▸ **What to produce**: Only one stretch of the material below is wanted: everything from the line containing "Lets Express 71.855 as afraction" down to the line containing "From above, a", both ends included. Repeat it exactly and skip the pictures.

▸ **Data for this task**:
■ ■ ■ ■

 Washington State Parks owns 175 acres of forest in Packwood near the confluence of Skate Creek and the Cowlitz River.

■ ■ ■ ■

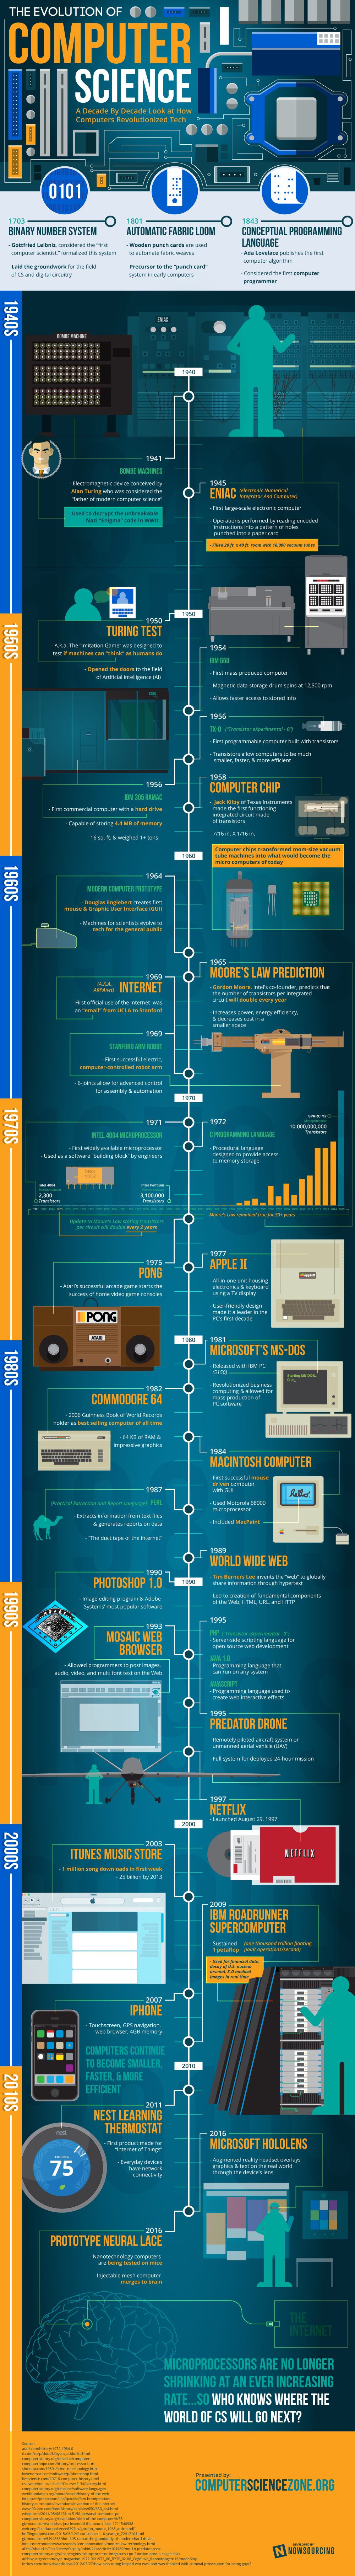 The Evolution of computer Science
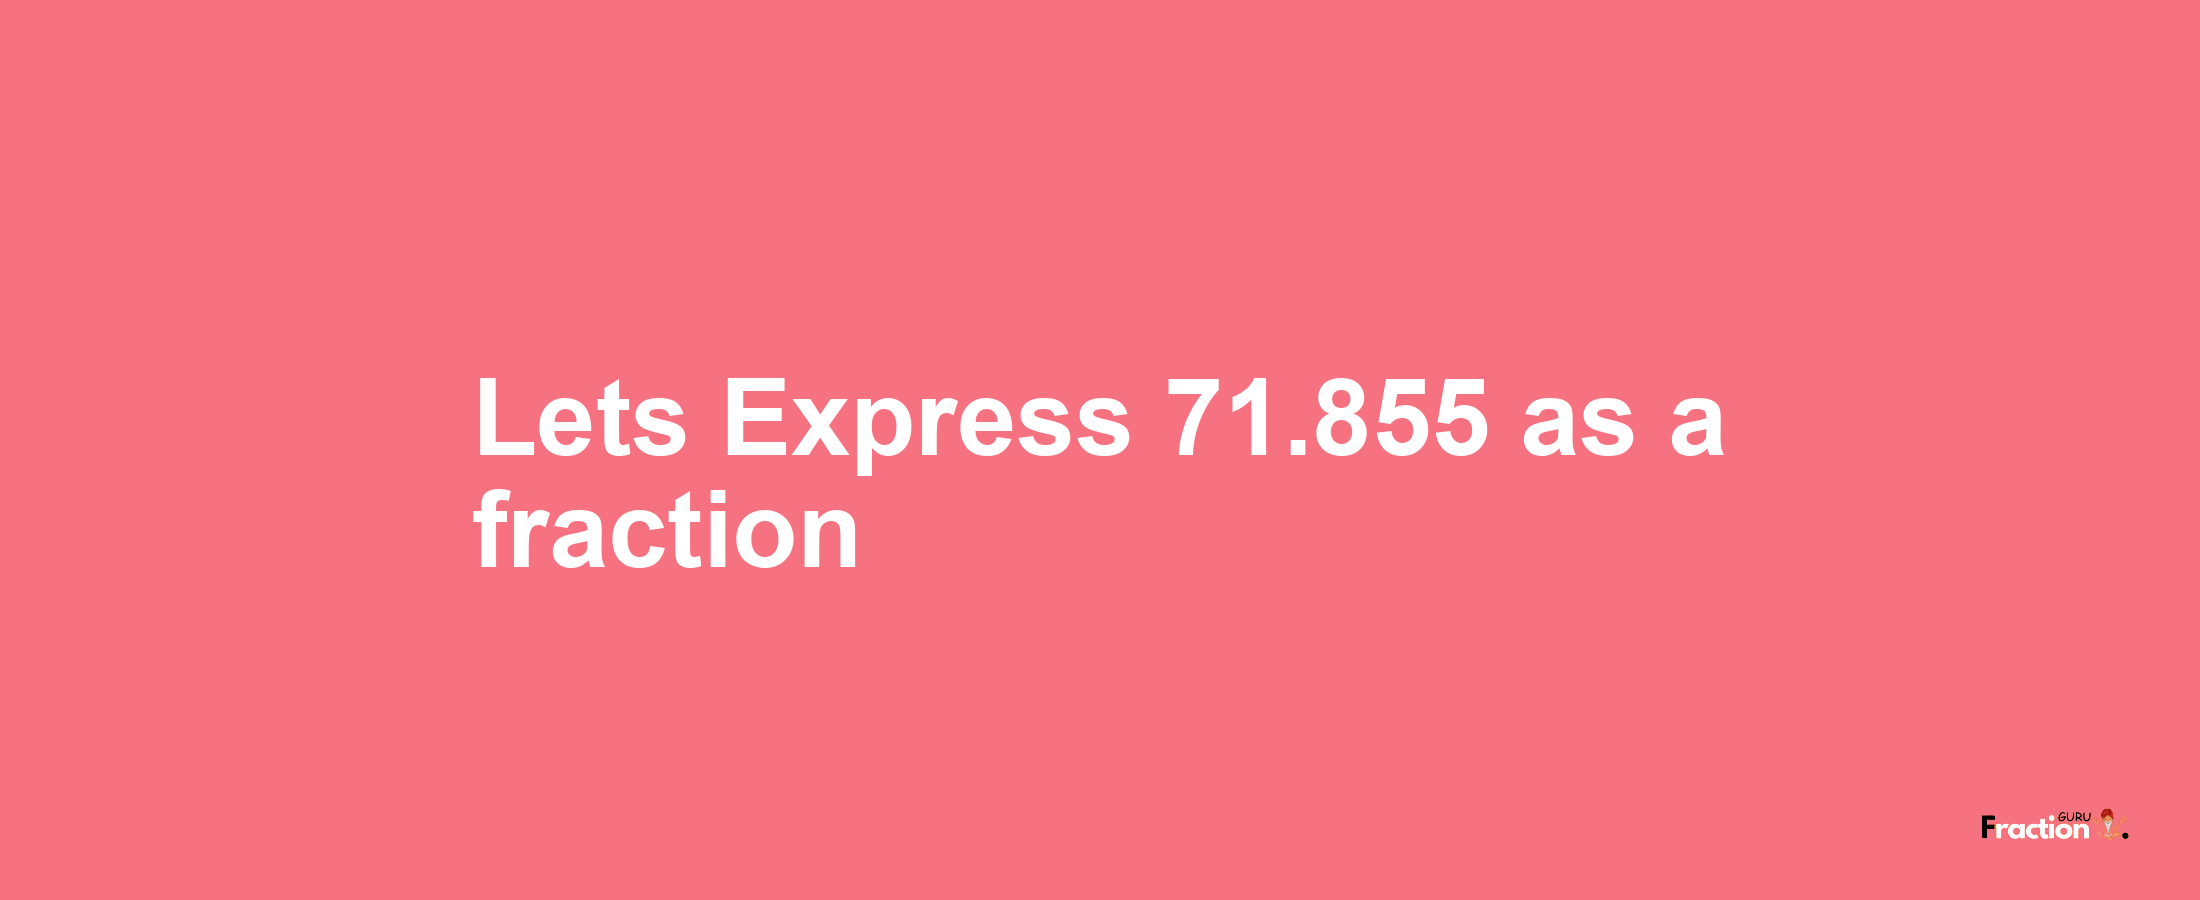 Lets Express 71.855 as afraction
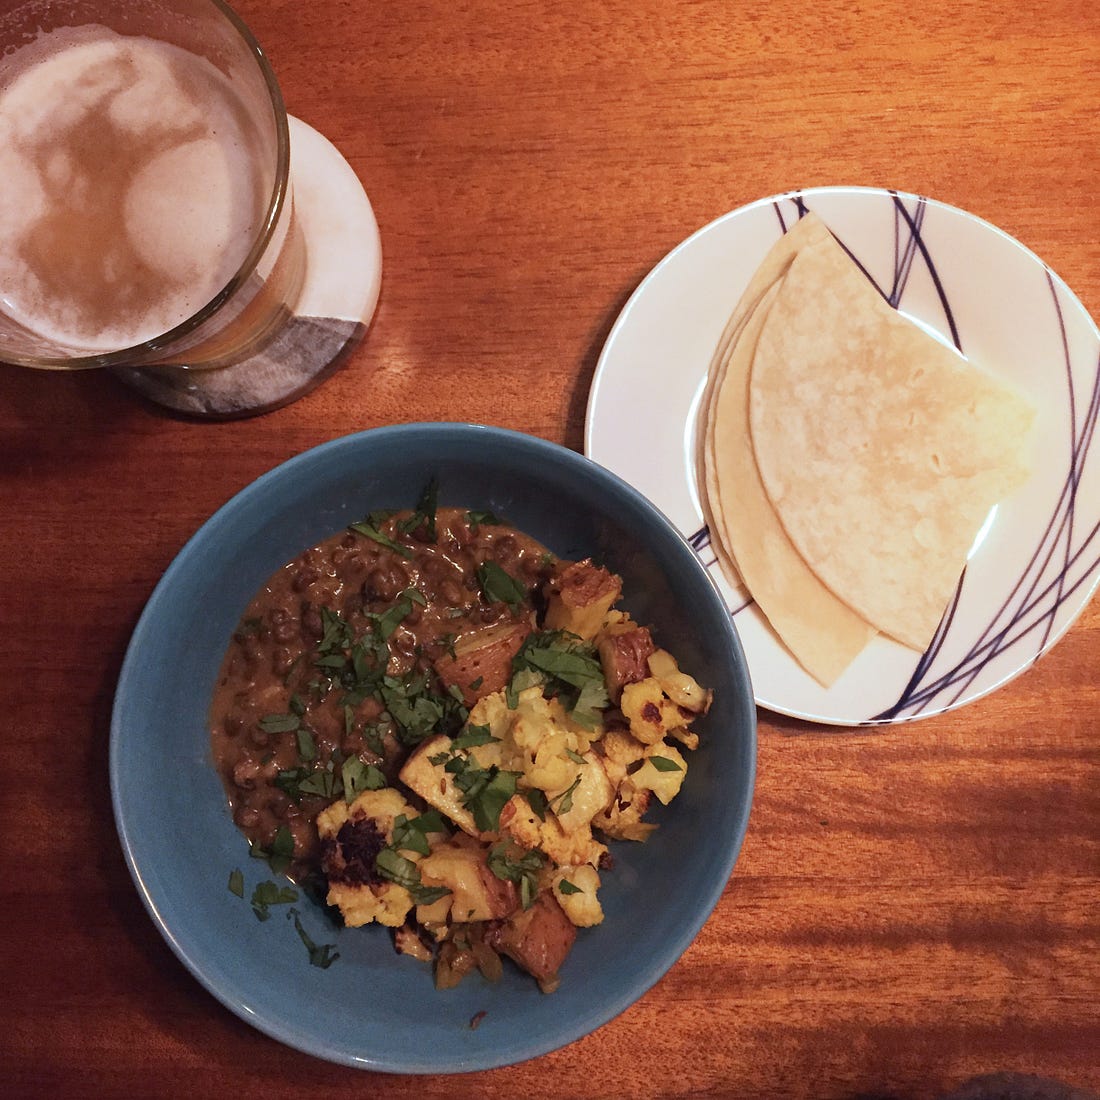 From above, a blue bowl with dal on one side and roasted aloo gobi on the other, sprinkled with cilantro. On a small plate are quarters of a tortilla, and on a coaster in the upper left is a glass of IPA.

■ ■ ■ ■

▸ **Task solution**:
 Lets Express 71.855 as afraction
 From above, a blue bowl with dal on one side and roasted aloo gobi on the other, sprinkled with cilantro. On a small plate are quarters of a tortilla, and on a coaster in the upper left is a glass of IPA.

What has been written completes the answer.